# [Work order]
A copy of the listing below is needed, exact in every line and without images.

# [Collected material]
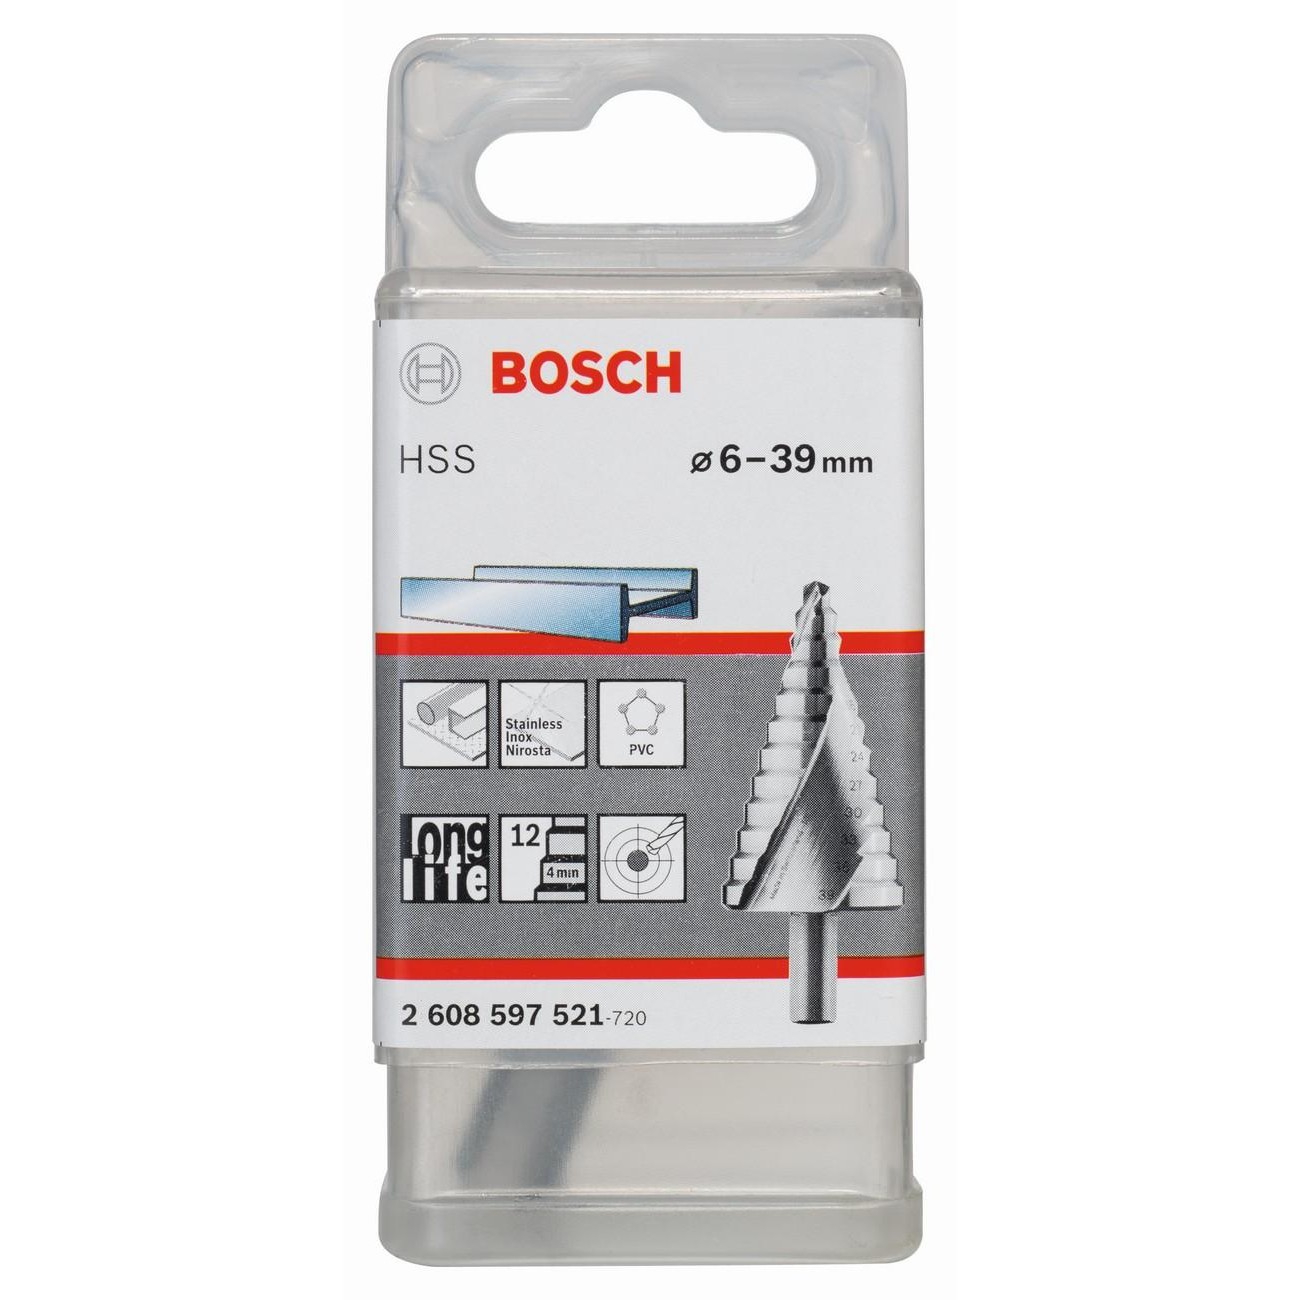 BOSCH Professional HSS Стъпаловидно свредло 6-39 мм 10 мм 93.5 мм (2608597521)
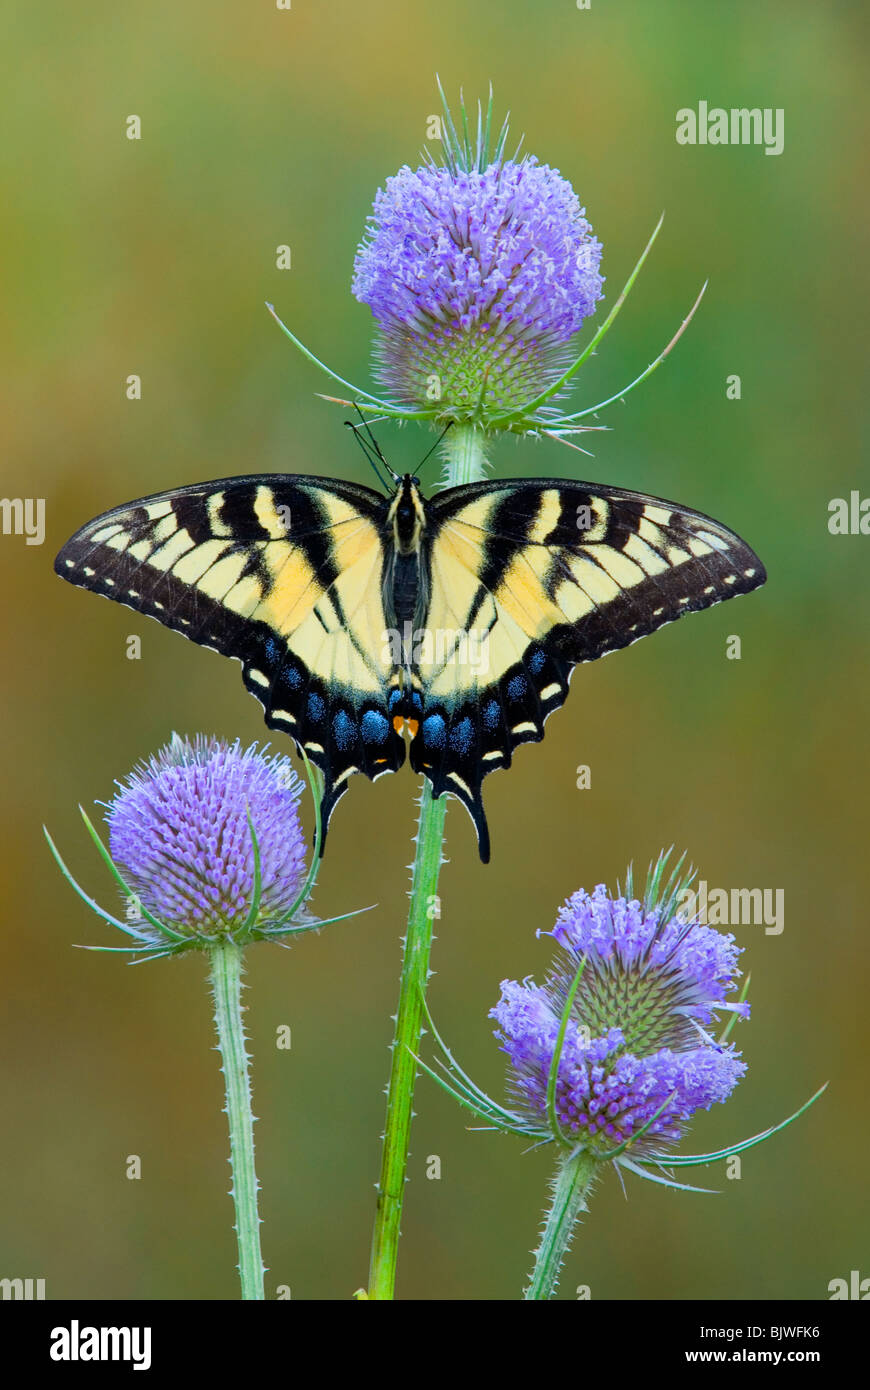 Eastern Tiger Swallowtail Butterfly Papilio glaucus sur Cardère Est des Etats-Unis, par aller Moody/Dembinsky Assoc Photo Banque D'Images
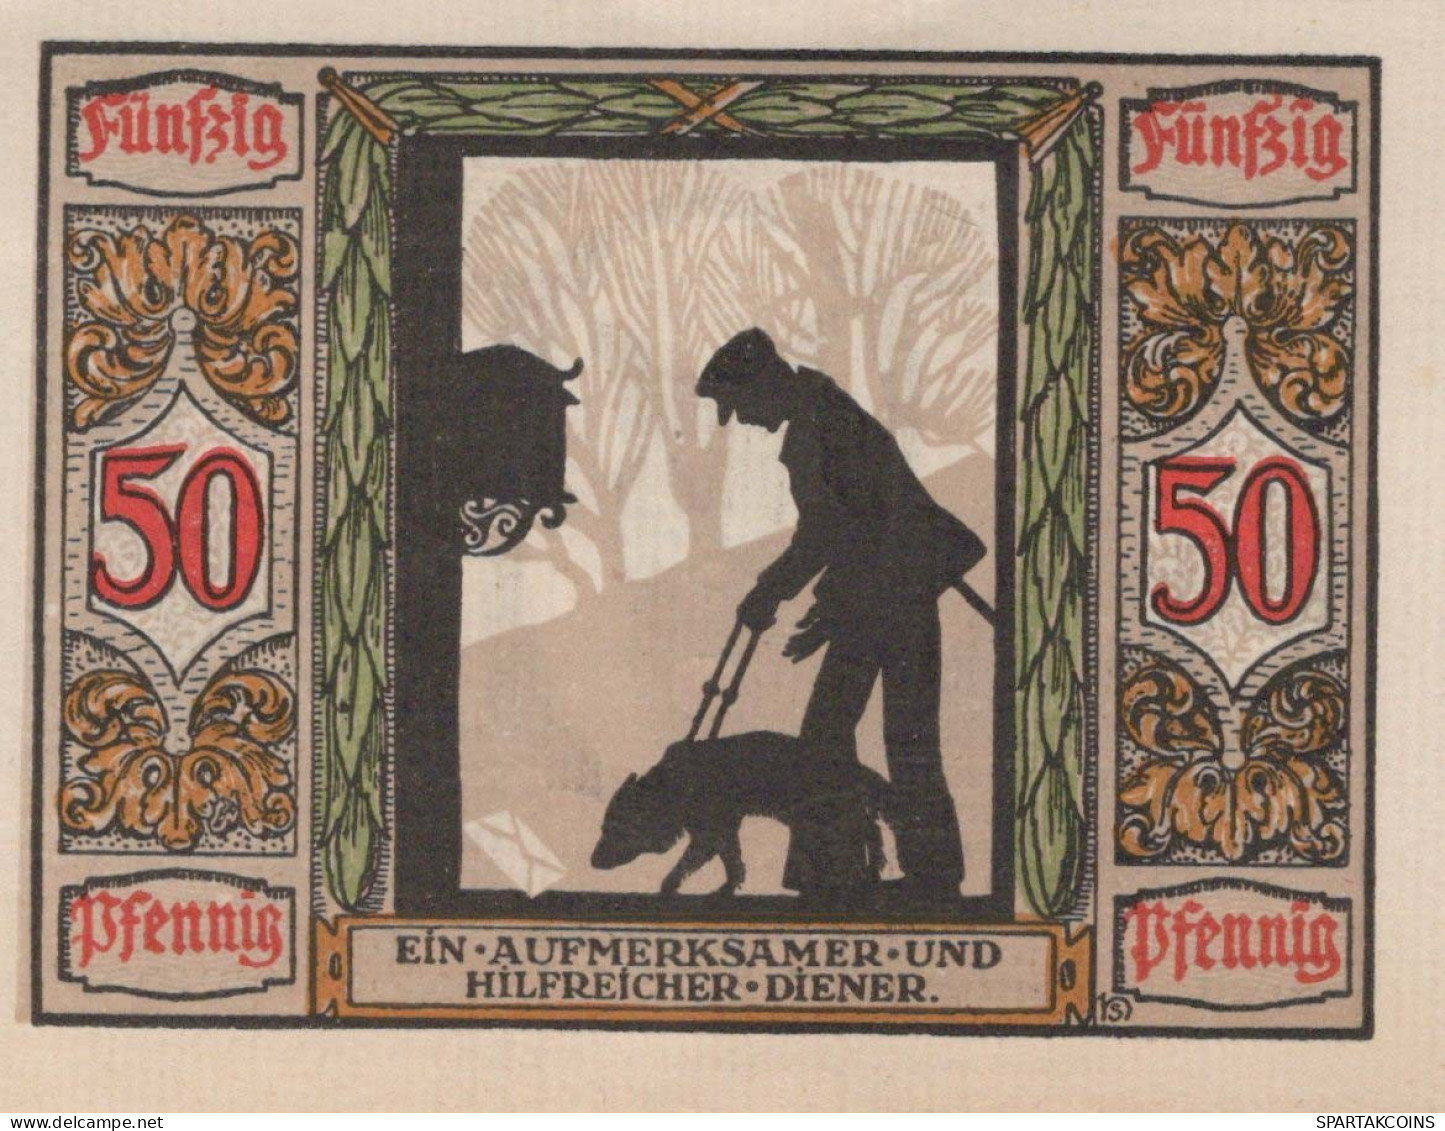 50 PFENNIG 1921 Stadt OLDENBURG IN OLDENBURG Oldenburg UNC DEUTSCHLAND #PI034 - [11] Local Banknote Issues
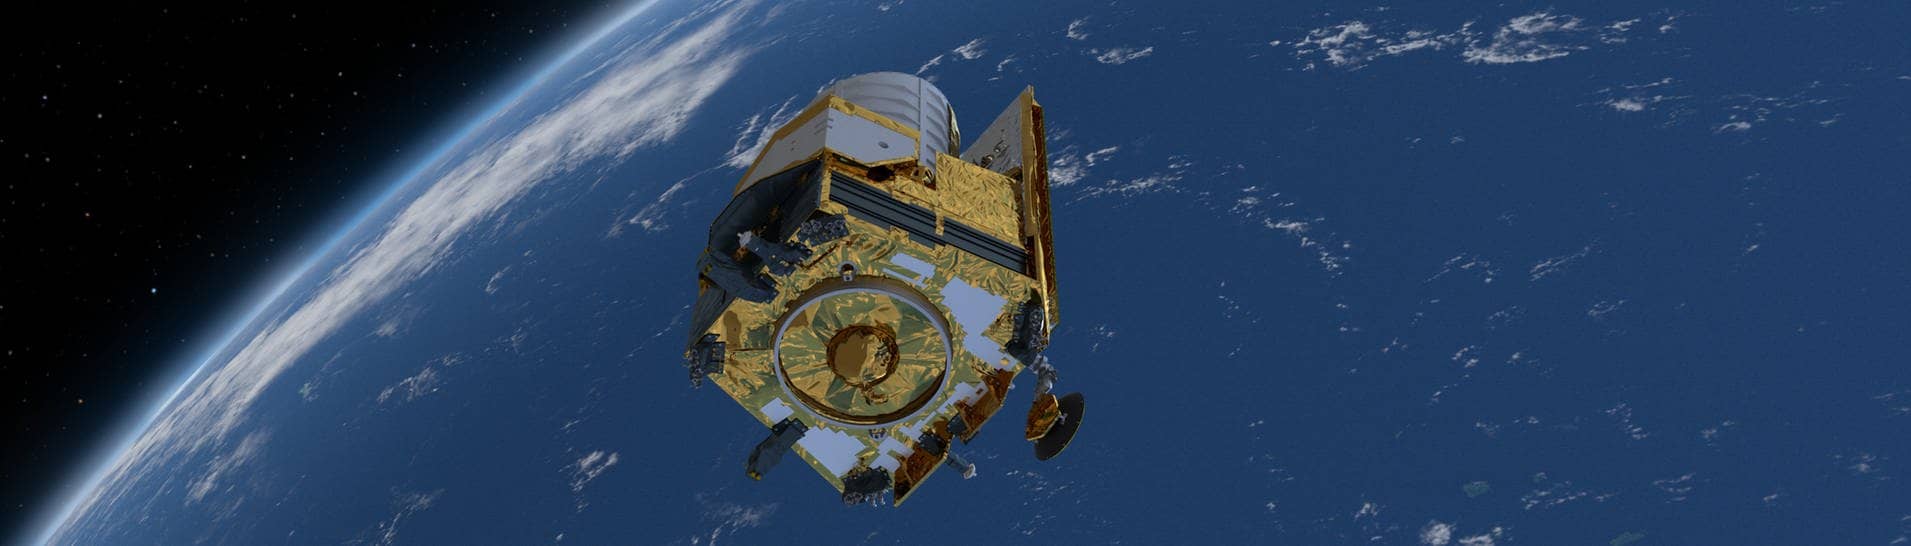 Computergeneriertes Bild des Weltraumteleskops Euclid. Zur Erforschung von Dunkler Materie und Dunkler Energie will die europäische Raumfahrtagentur Esa die Sonde Euclid ins Weltall schicken.

# [The answer]
 BOSCH Professional HSS Стъпаловидно свредло 6-39 мм 10 мм 93.5 мм (2608597521)
 Eastern Tiger Swallowtail Butterfly Papilio glaucus sur Cardère Est des Etats-Unis, par aller Moody/Dembinsky Assoc Photo Banque D'Images
 50 PFENNIG 1921 Stadt OLDENBURG IN OLDENBURG Oldenburg UNC DEUTSCHLAND #PI034 - [11] Local Banknote Issues
 Computergeneriertes Bild des Weltraumteleskops Euclid. Zur Erforschung von Dunkler Materie und Dunkler Energie will die europäische Raumfahrtagentur Esa die Sonde Euclid ins Weltall schicken.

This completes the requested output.